Missouri Supreme Court Considers Requirements Cut From Green Energy Law

The Missouri Supreme Court heard arguments Wednesday on a case that focuses on a question of whether a state government commission overstepped its legal bounds when it removed key provisions from a 2008 renewable energy law.

The renewable energy standard law requires that utility companies, such as Ameren Missouri, Kansas City Power & Light, and Empire District Power Company, use a certain percentage of renewable energy in their power sales to customers — 15 percent by 2021. Sixty-six percent of Missouri voters supported the law at the ballot box eight years ago.

The Missouri Public Service Commission passed a law in January 2010 to enforce this standard, but the state legislature’s Joint Committee on Administrative Rules removed two paragraphs from the law requiring that the utility companies provide their own renewable energy. Instead, the companies can purchase “renewable energy credit” papers to meet the law’s requirements using out-of-state energy.

The Great Rivers Environmental Law Center, a nonprofit geared toward environmental issues, sued the state in 2013 for the omission. The firm argued in a release that the legislative committee didn’t have the authority to override the Public Service Commission’s law and that the two paragraphs should be reinstated.

“JCAR’s action was not only unconstitutional; it was also an infringement on … the people’s right to enact legislation by initiative petition,” said Heather Navarro, executive director of the Missouri Coalition for the Environment, in a release.

Henry Robertson, staff attorney for Great Rivers, said in an interview on Tuesday that the Missouri Supreme Court decided a similar case with renewable energy in 1997. At the time, the court ruled that legislators cannot rewrite laws after a certain point in the lawmaking process. State laws typically have a window for public comment, after which they are sent to the Secretary of State’s office for publication. With its 2010 ruling, Robertson said the administrative rules committee missed this window.

“The fundamental conflict in this case involves (the committee’s) legislative veto of administrative rules,” Robertson said. “The Supreme Court already held that unconstitutional in 1997. The legislators tried to fix that before and did not succeed, so it’s still unconstitutional now when JCAR prevent rules from taking effect.”

Robertson followed this line of argument in presenting Great Rivers’ case to the state Supreme Court, in front of a full courtroom of observers. When a justice asked what effect the court could have on the renewable energy law, Robertson said that the court could issue an order of mandamus for the Secretary of State to reinstate the law’s two missing paragraphs. That action would put into effect the law voters originally approved.

Vaughn Prost, chief executive officer of Missouri Solar Applications, stressed in a news release the importance of reinstating the paragraphs.
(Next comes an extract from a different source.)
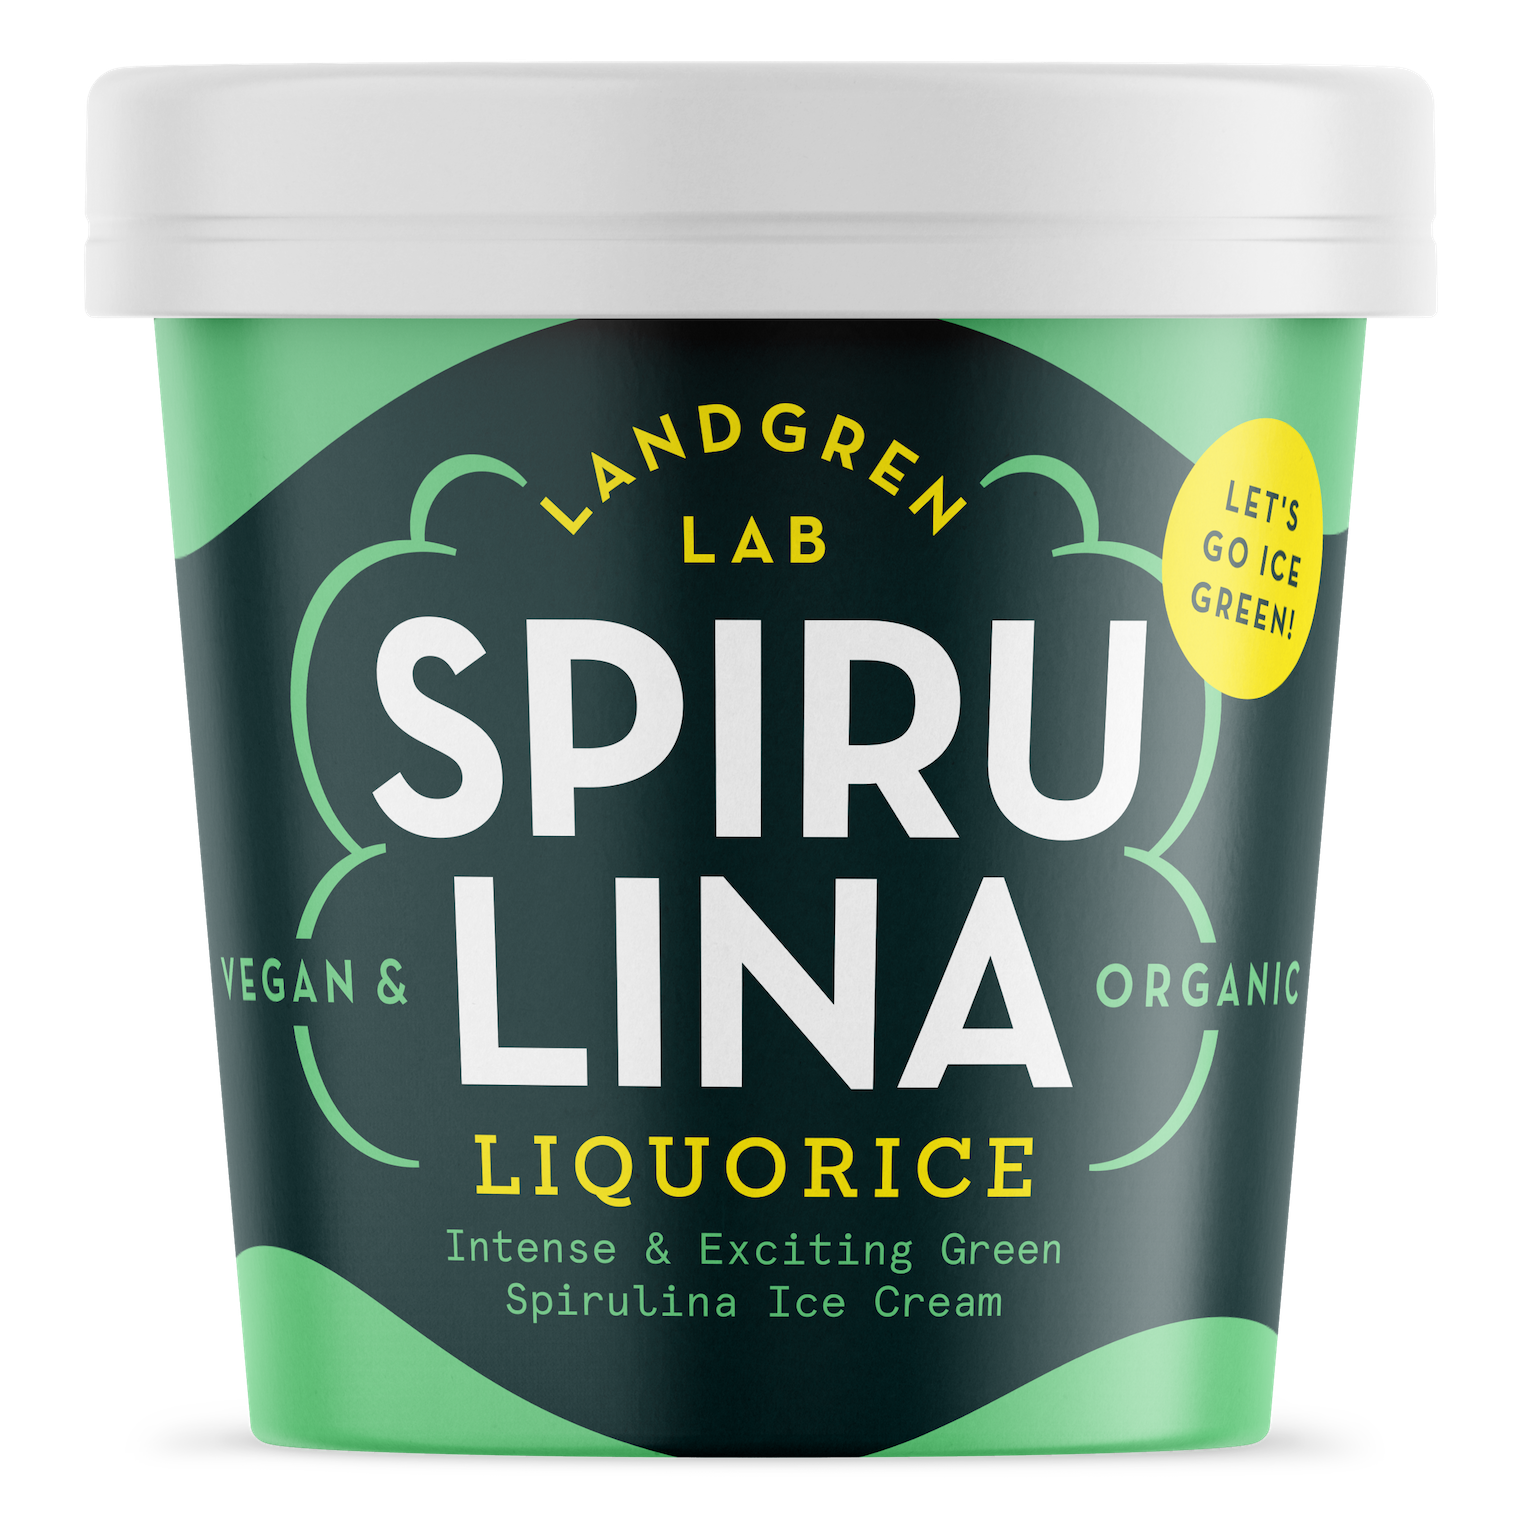 Landgren Lab - Spirulina Liquorice

Unless utility companies are required to deliver renewable energy in-state, the law is “largely meaningless,” he said.

“Missouri isn’t getting new jobs or the new renewable energy that should be built here (if the full law isn’t enforced),” wrote Prost. “These policies are working in 28 other states, and there’s no reason it can’t work in Missouri too.”

The state Supreme Court will issue its ruling at a date to be determined in the coming months.